MIT researchers have developed a hybrid modeling approach—combining physics-based simulations with machine learning—to better predict how a tokamak’s plasma behaves during shutdowns (aka “rampdowns”). The goal: avoid damaging disruptions and make fusion reactors more reliable.
What’s the problem?
- Tokamaks are donut-shaped fusion devices that confine ultra-hot plasma using strong magnetic fields.
- When plasma becomes unstable, operators must ramp down the current. But that process itself can trigger further instabilities that damage reactor walls.

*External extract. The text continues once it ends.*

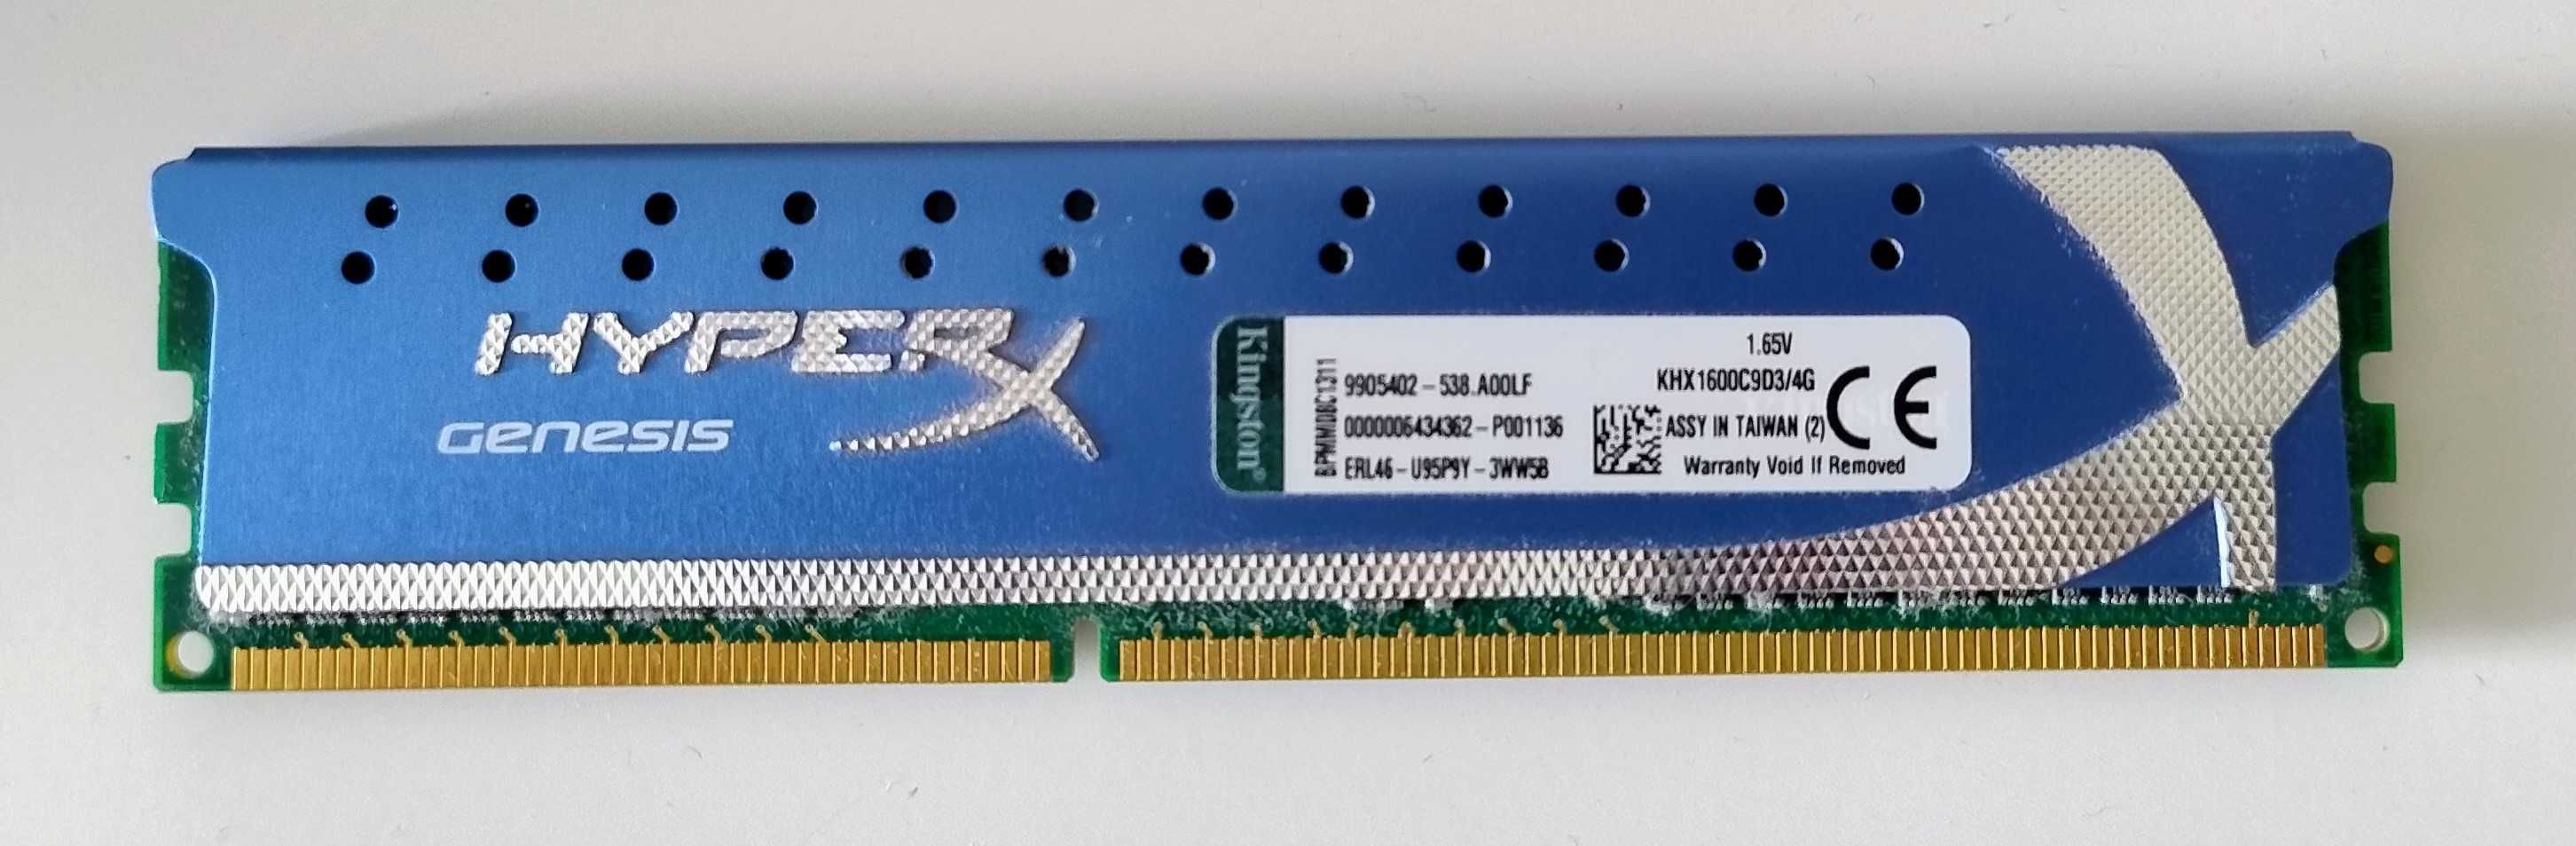 Kingston HyperX Genesis 4GB 1600MHz KHX1600C9D3
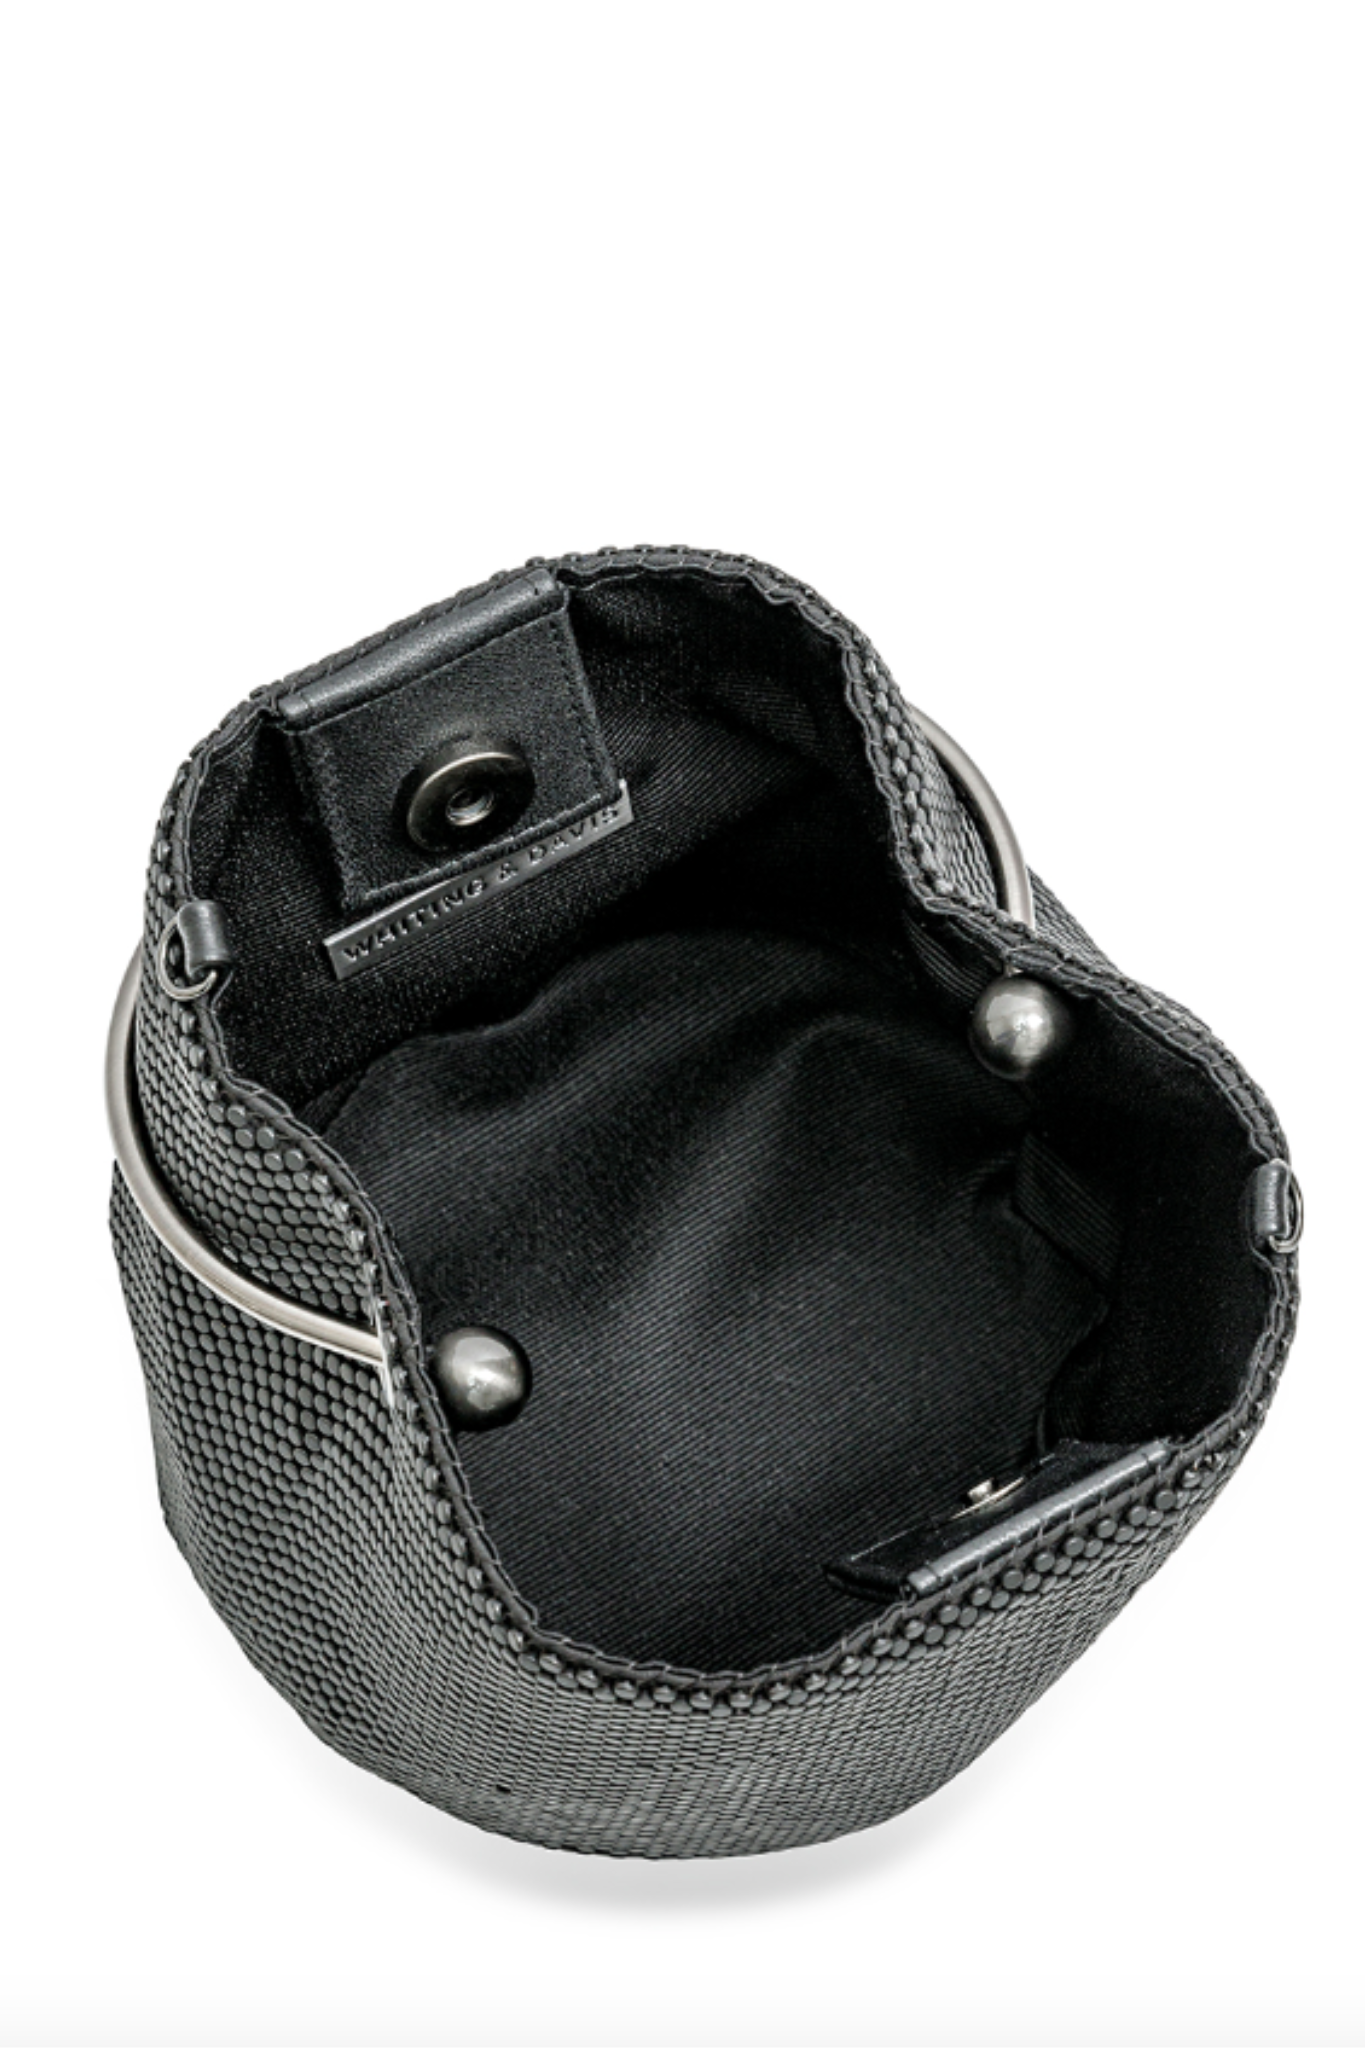 Crescent Bracelet Bag in Black by Whiting and Davis - RENTAL

- As fusion machines scale up, safely managing these transitions becomes more critical.
The new method
- The MIT team built a model that fuses (pun intended) neural networks with physics-based plasma dynamics simulations.
- Rather than relying purely on large data sets (which are costly and hard to get), their approach uses a relatively small number of tokamak experiments to train the model.
- They used data from Switzerland’s TCV tokamak (Swiss Plasma Center / EPFL) for training and validation.
- Their algorithm can translate predictions into “trajectories” or control instructions (e.g. adjusting magnets or temperature) to guide the plasma safely and swiftly down.
Key findings & implications
- The model achieved high accuracy even with limited data, which is promising since experimental runs are expensive.
- In tests, the control trajectories produced by this method managed rampdowns more smoothly and with fewer disruptions compared to standard approaches.
- The technique could make future fusion reactors more robust, reducing downtime and costly repairs.
- The research supports efforts by MIT spinout Commonwealth Fusion Systems (CFS), which aims to build a compact, net-energy tokamak called SPARC. The model could be incorporated to enhance safety and reliability.